Jul 29, 2010

DiagnostiCar (4) - Abductive Reasoning

Hi,

finally I had some time to write about abductive reasoning, the core of the DiagnostiCar expert system. As you may know from my previous posts (means you're tough and reached this point :P), the abductive reasoning tries to infer what facts implies a given situation.

To build such a reasoning we must start with the conclusion and try to prove it. Let's say that we have the following scenario:

known mortal(X) <- human(X).

known human(socrates).

How abductive reasoning behaves when tries to find out what things are mortal?

The first step is to check if mortal(X) is a tautology such as:

known mortal(xerxes).

As in our example there isn't such tautology the reasoning agent must try to find a rule which implies that something is mortal. In our case proceeds that mortal(X) <- human(X) so to prove that something is mortal we have to prove that it is human. The first step is then repeated and we reach the tautology human(socrates) which asserts that Socrates is mortal.

Note that we have no difference with we try to use Prolog directly:

mortal(X) :-
    human(X).

human(socrates).

Now consider a non trivial example. Imagine that we want to prove that mortal(aristoteles) but we may let the reasoner conclude that such affirmation is only possible if Aristoteles is a human. Pretty smart huh? That's what abductive reasoning is capable of. To build such a predicate we will need to know not only what are proving but also the user id (to ask questions when possible) and a list to yield what is being assumed.

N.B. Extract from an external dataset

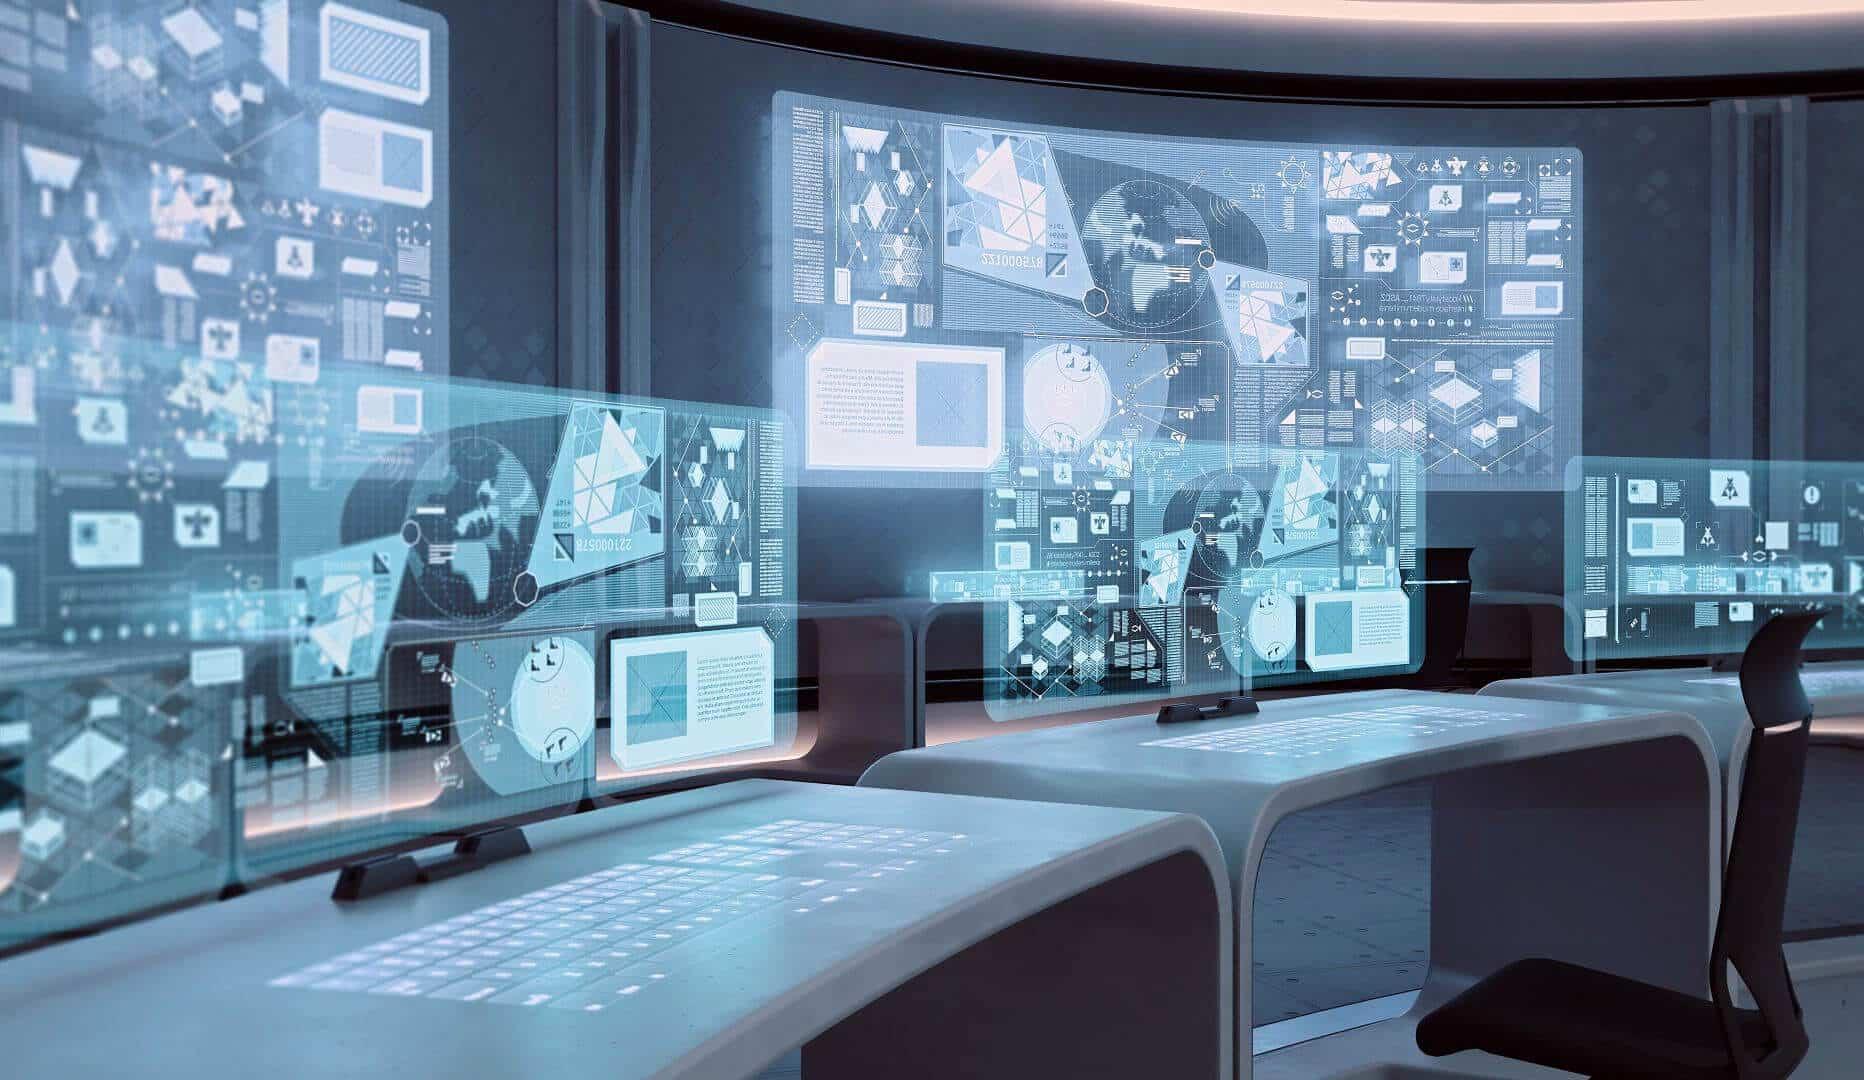 Lieu de travail : poste de contrôle informatique - Architecture

Now lets try to prove a goal using the following rules (together with the Prolog code):

1 - Check if the goal is a tautology:

abduction(_, Goal, _) :-
    known(Goal).

2 - Check equalities:

abduction(_, Value == Value, _) :-
    Value = Value.

abduction(_, Value \= Value, _) :-
    Value \= Value.

3 - Check if the goal is implied by something else:

abduction(Uid, Goal, Assuming) :-
    known(Goal <- Cause),
    abduction(Uid, Cause, Assuming).

4 - If the goal is an or or an and conjunction:

abduction(Uid, Left & Right, Assuming) :-
    abduction(Uid, Left, Assuming),
    abduction(Uid, Right, Assuming).

abduction(Uid, Left v _, Assuming) :-
    abduction(Uid, Left, Assuming).

abduction(Uid,_ v Right,Assuming) :-
    abduction(Uid, Right, Assuming).

5 - Ask the user:

abduction(Uid, Goal, _) :-
    functor(Goal,Question,1), 
    askable(Question),
    arg(1,Goal,Answer),
    ask(Uid,Question,Answer). % Defined in a previous post

6 - Make an assumption:

abduction(_, Goal, Assuming) :-
    assumable(Goal),
    member(Goal, Assuming).
    % Says that the goal must be assumed to reach the goal.

This does it's task but we still have some problems. The first one is the lack of constraints. This reasoning doesn't consider if you assume something that implies in a contradiction. e.g.: known false <- mortal(X) & immortal(X). Another problem we can observe is that the system doesn't follow the Occam's razor principle, which affirms that between two valid explanation the simplest tends to be true. Finally we have a crucial problem is a infinite loop occurence when you try to prove the negation of something and the goal is a tautology.

Let's solve those problems by parts. The first can be solved with a predicate which proves the goal and doesn't reach a contradiction at the same time:

reason(Uid, Goal, Assuming) :-
    abductive_reasoning(Uid, Goal, Assuming),
    not(abductive_reasoning(Uid, false, Assuming)).

But that predicate falls directly to the third problem. To solve this problem, the must intuitive solution is do a search starting with a empty list of assumptions and try incrementing the list size until it reachs a cutoff that you may assume that there is no explanation bigger than that. A simple and clear implementation of that would be:

max_assumptions(5).
abductive_reasoning(Uid, Goal, Assuming) :-
    max_assumptions(Max),
    abduction(Uid, Goal, Assuming, Max).

abduction(Uid, Goal, Assuming, Depth) :-
    Depth >= 0,
    max_assumptions(Max),
    Len is Max - Depth,
    length(Assuming, Len),
    abduction(Uid, Goal, Assuming).

abduction(Uid, Goal, Assuming, Depth) :-
    NextStep is Depth - 1,
    NextStep >= 0,
    abduction(Uid, Goal, Assuming, NextStep).

It is not the most efficient code to handle code but works fine. You can avoid process a search path again by creating a dynamic predicate and asserting when a branch of the search is truth or false. It may use a lot of memory but it helps to execute faster.